Eu ouço os arroios que riem, pulando na garupa dos dourados
gulosos, mexendo com os bagres no limo das luras e das
locas;
Eu ouço as moendas espremendo canas, o glu-glu do mel
escorrendo nas tachas, o tinir das tigelinhas nas
seringueiras;
e machados que disparam caminhos,
e serras que toram troncos,
e matilhas de “Corta-Vento”, “Rompe-Ferros”, “Faíscas”
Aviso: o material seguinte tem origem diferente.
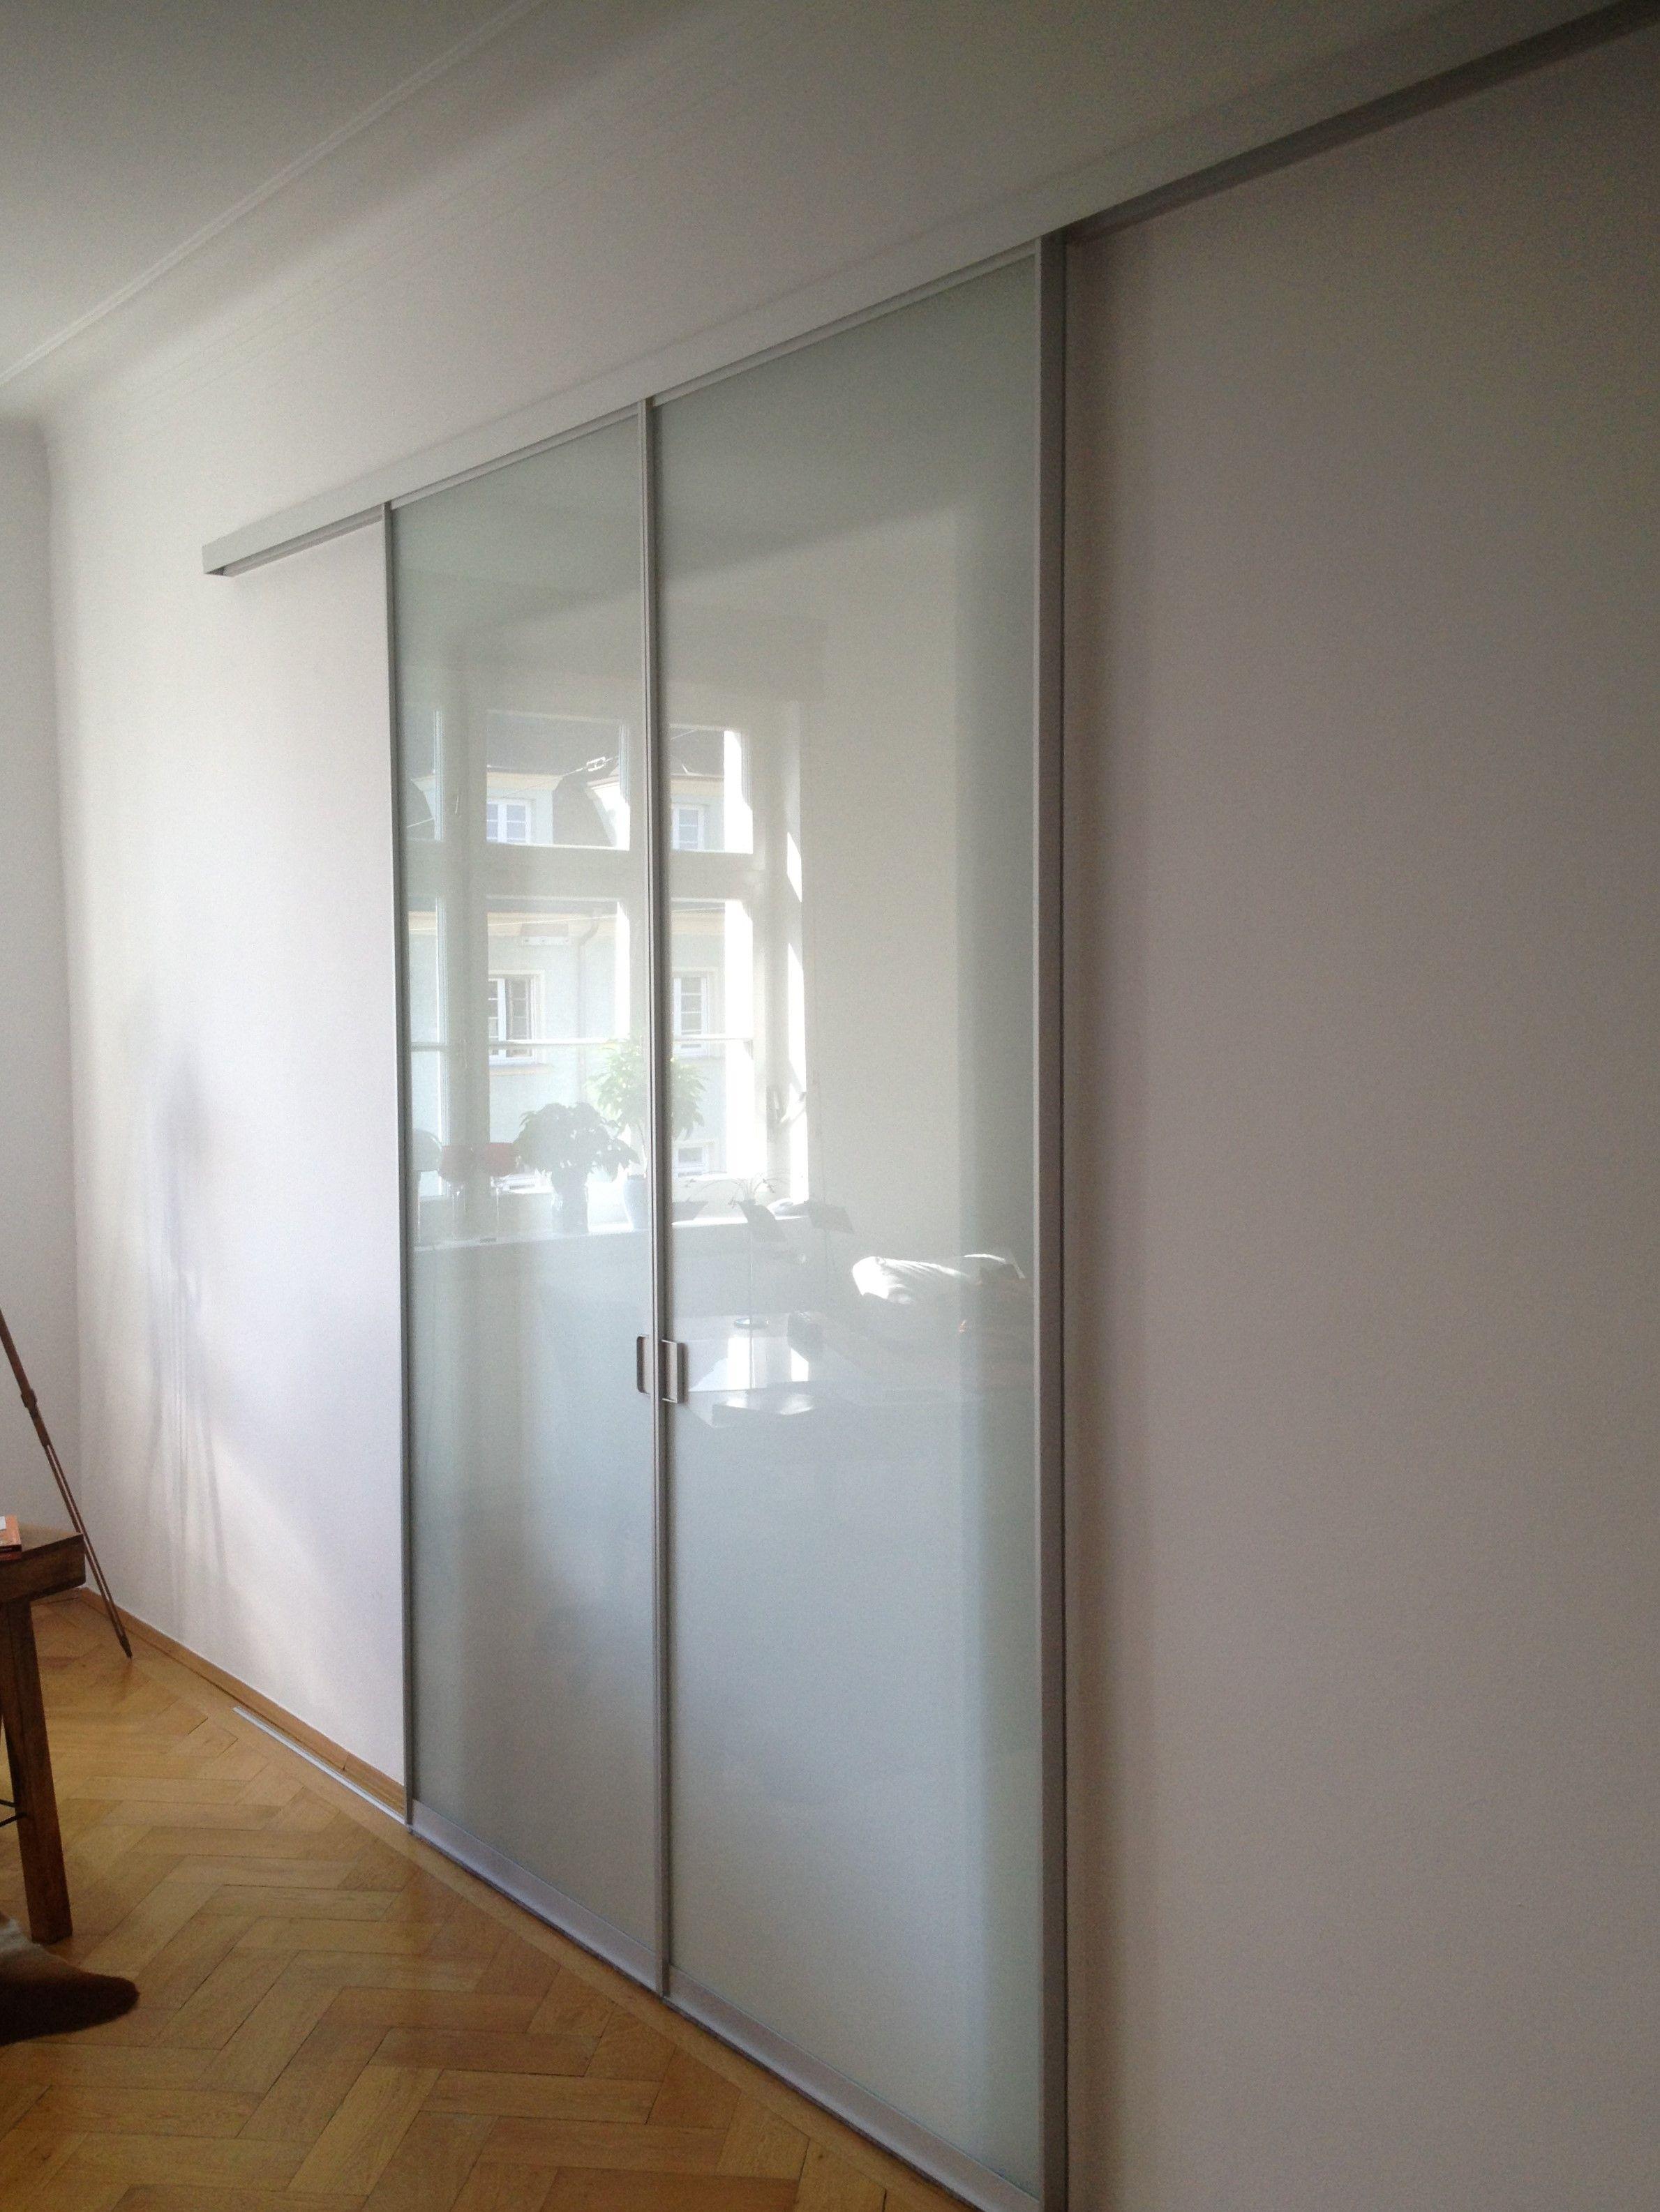 Durchgangsture Zwischen Kuche Und Wohnzimmer Design Wohnzimmer

e “Tubarões” acuando sussuaranas e
maçarocas,
e mangues borbulhando na luz,
e caititus tatalando as queixadas para os jacarés que dormem
no tijuco morno dos igapós...
Eu ouço todo o Brasil cantando, zumbindo, gritando,
vociferando!
Redes que se balançam,
sereias que apitam,
usinas que rangem, arfam estridulam, ululam e
roncam,
tubos que explodem,
guindastes que giram,
rodas que batem,
trilhos que trepidam,
rumor de coxilhas e planaltos, campainhas, relinchos,
aboiados e mugidos,
repiques de sinos, estouros de foguetes, Ouro-Preto, Baía,
Congonhas, Sabará,
vais de Vaias de Bolsas empinando números como papagaios,
tumulto de ruas que saracoteiam sob arranha-céus,
vozes de todas as raças que a maresia dos portos joga no
sertão!
Nesta hora de sol puro eu ouço o Brasil.
Todas as tuas conversas, pátria morena correm pelo ar...
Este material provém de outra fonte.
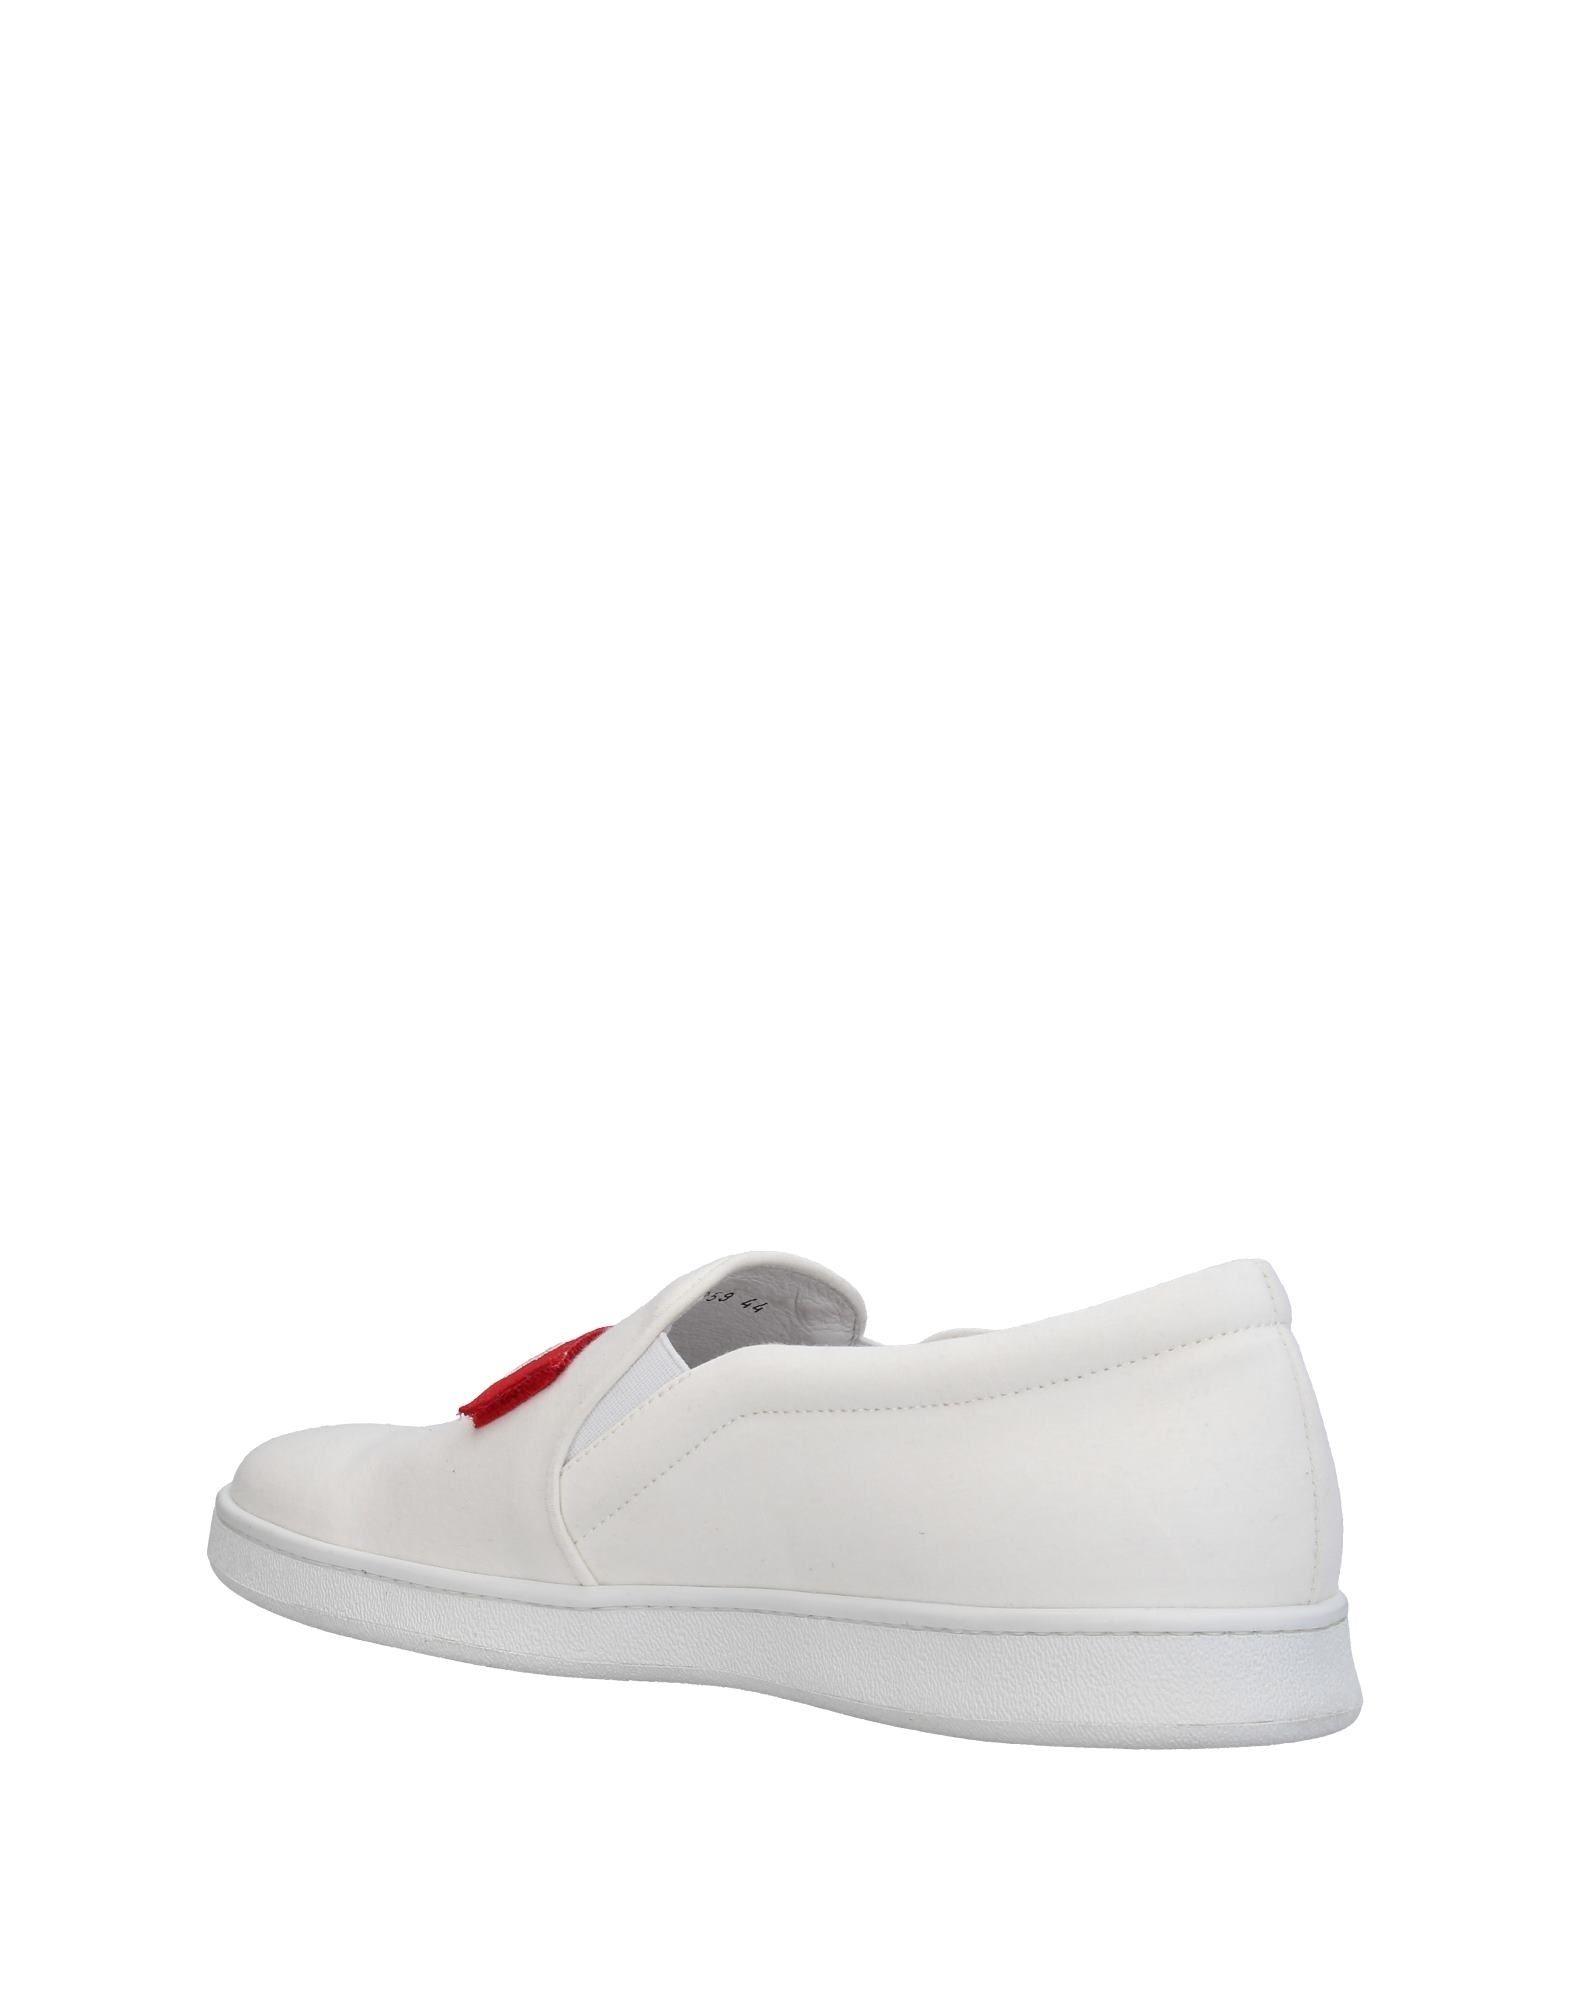 11406523WJ Joshua*S Sneakers Herren  11406523WJ  f92f1e

a conversa dos fazendeiros nos cafezais,
a conversa dos mineiros nas galerias de ouro,
a conversa dos operários nos fornos de aço,
a conversa dos garimpeiros, peneirando as bateias,
a conversa dos coronéis nas varandas das roças...
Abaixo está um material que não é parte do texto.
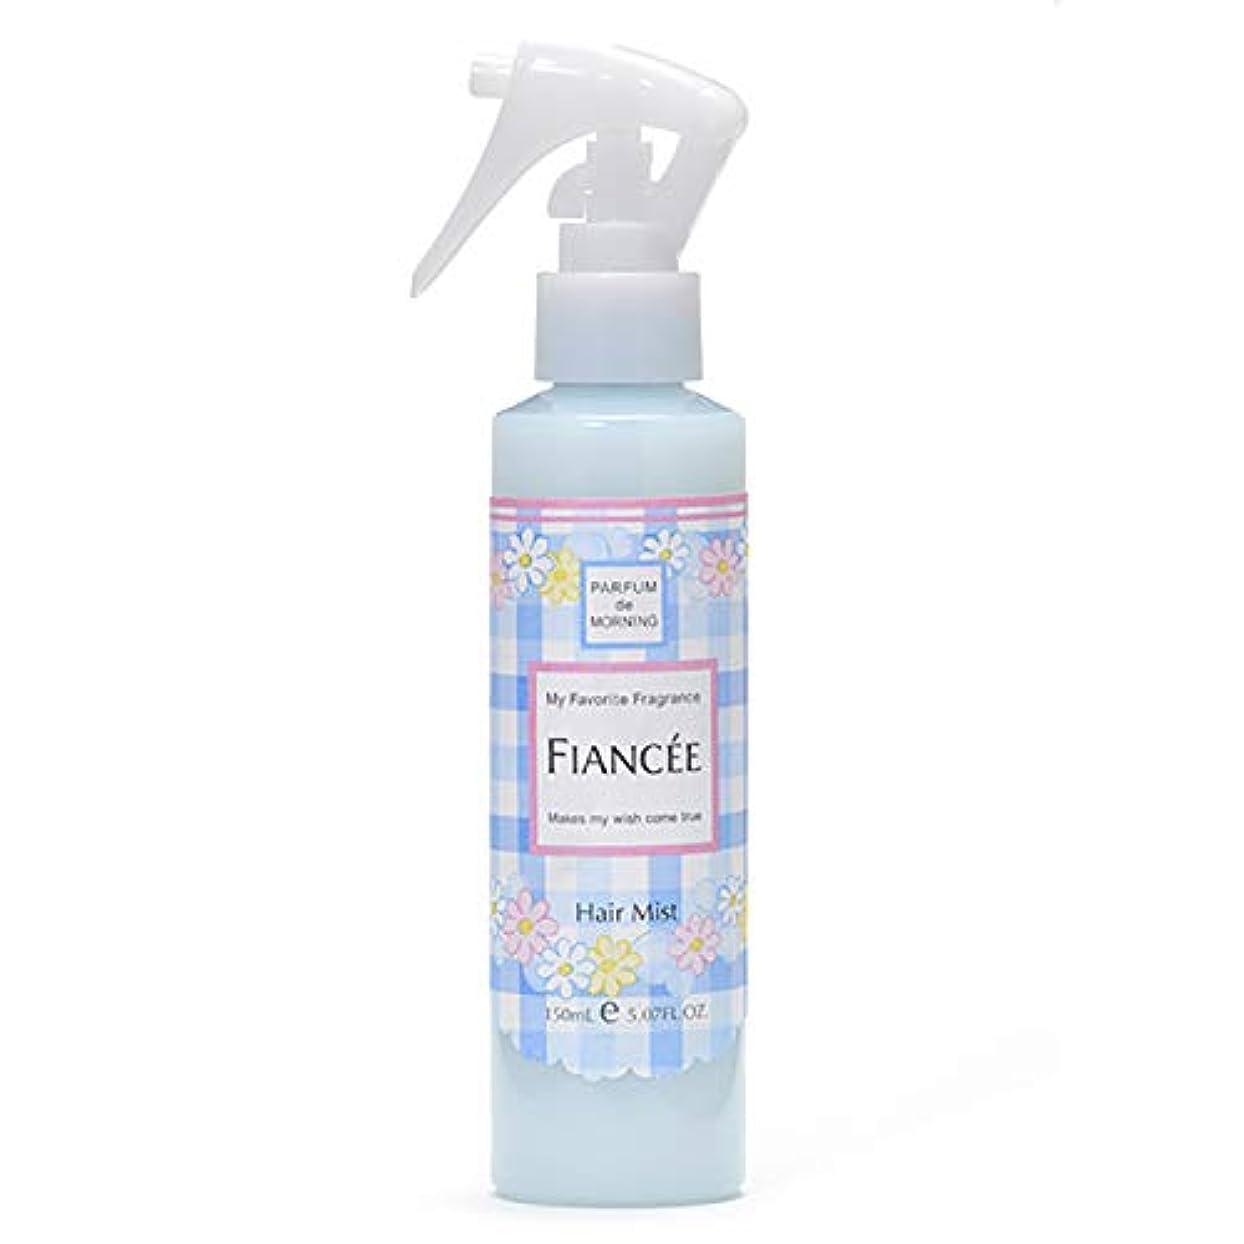 フィアンセ フレグランスヘアミスト はじまりの朝の香り 150ml

Mas o que eu ouço, antes de tudo, nesta hora de sol puro
palmas paradas
pedras polidas
claridades
brilhos
faíscas
cintilações
é o canto dos teus berços, Brasil, esses teus berços,
onde dorme, com a boca escorrendo leite, moreno,
confiante,
o homem de amanhã!
(Berenic Bere - Brasilíndio)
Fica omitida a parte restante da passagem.